Sorry, I still don't understand why that's relavent. It's probably my fault
for not being clear enough. Please be patient with me as I try to further
elaborate:

If the command is in charge of both generating completions and also for
parsing arguments, wouldn't it be aware of all inner-dependencies between
flags? Wouldn't such awareness make it possible to generate candidates based
on previous flags?

I'm not familiar with ffmpeg, but let's assume that there was another similar
program called ggmpeg. Let's assume that it accepts the flag '\--input-format'
and then either the flag '\--repeat-video-range' or '\--repeat-image-frames',
depending on whether the format is an video or an image.

That is, only the following flag sequences are valid:

    
    
        ggmpeg --input-format=video/webm --repeat-video-range=.. ...
    

or

    
    
        ggmpeg --input-format=image/png --repeat-image-frames=.. ...
        
    

Let's also assume that ggmpeg signals to the shell that it is responsible for
generating its own completions by passing the flag --_completion to it.

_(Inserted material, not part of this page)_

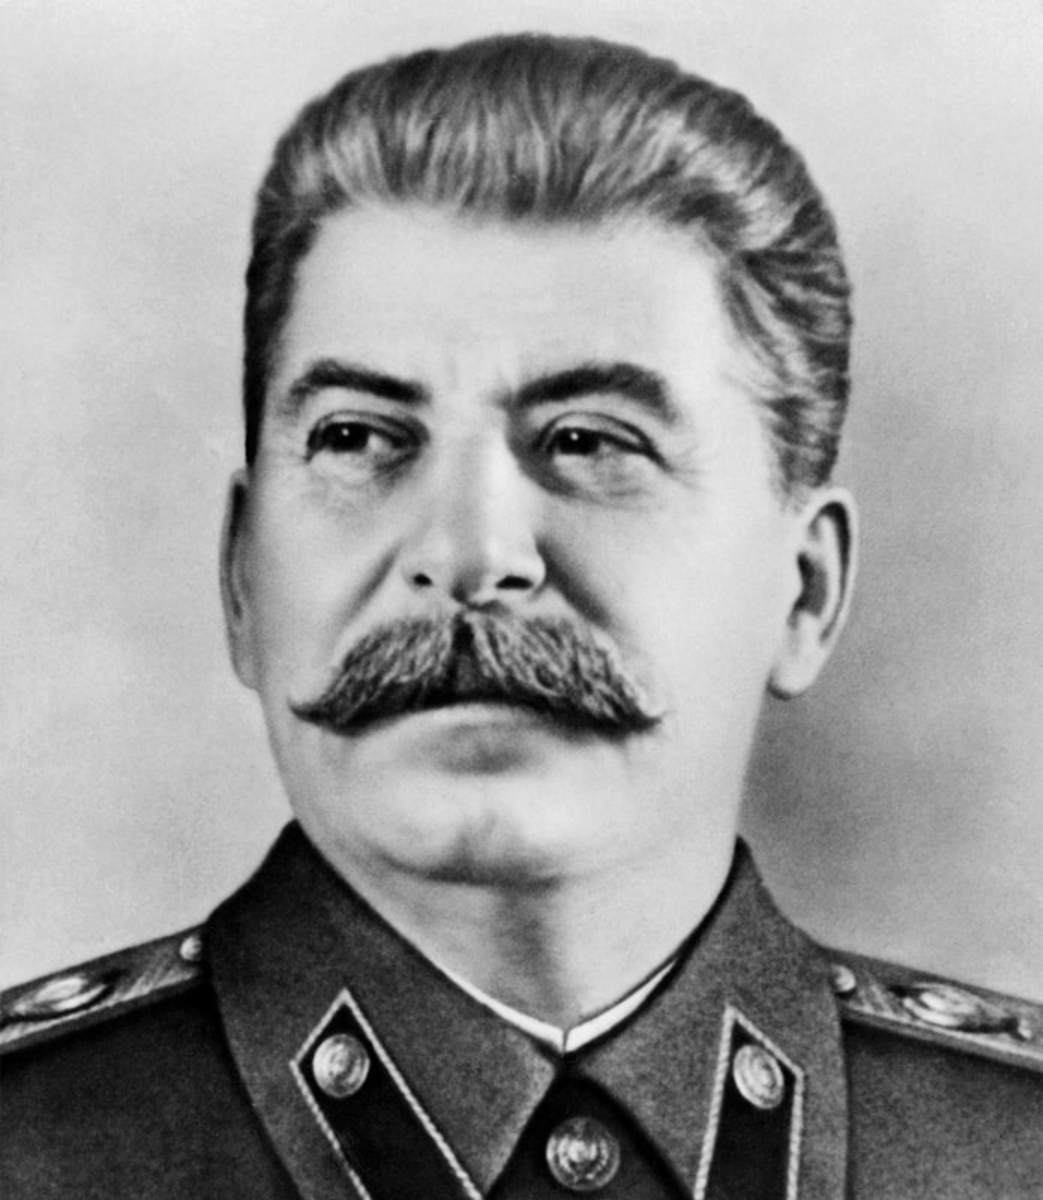 Portrait of Joseph Stalin during the mid-Twentieth Century.

Now, if the user types the following command

    
    
        ggmpeg --input-format=image/png --repea[CURSOR]
    

and then presses tab, thereby invoking the shell's auto completion routine,
which in turn ultimately executes

    
    
        "ggmpeg" "--_completion" "--input-format=image/png" "--repea"
    

wouldn't ggmpeg have all the necessary information to only suggest '\--repeat-
image-frames' and not '\--repeat-video-range'?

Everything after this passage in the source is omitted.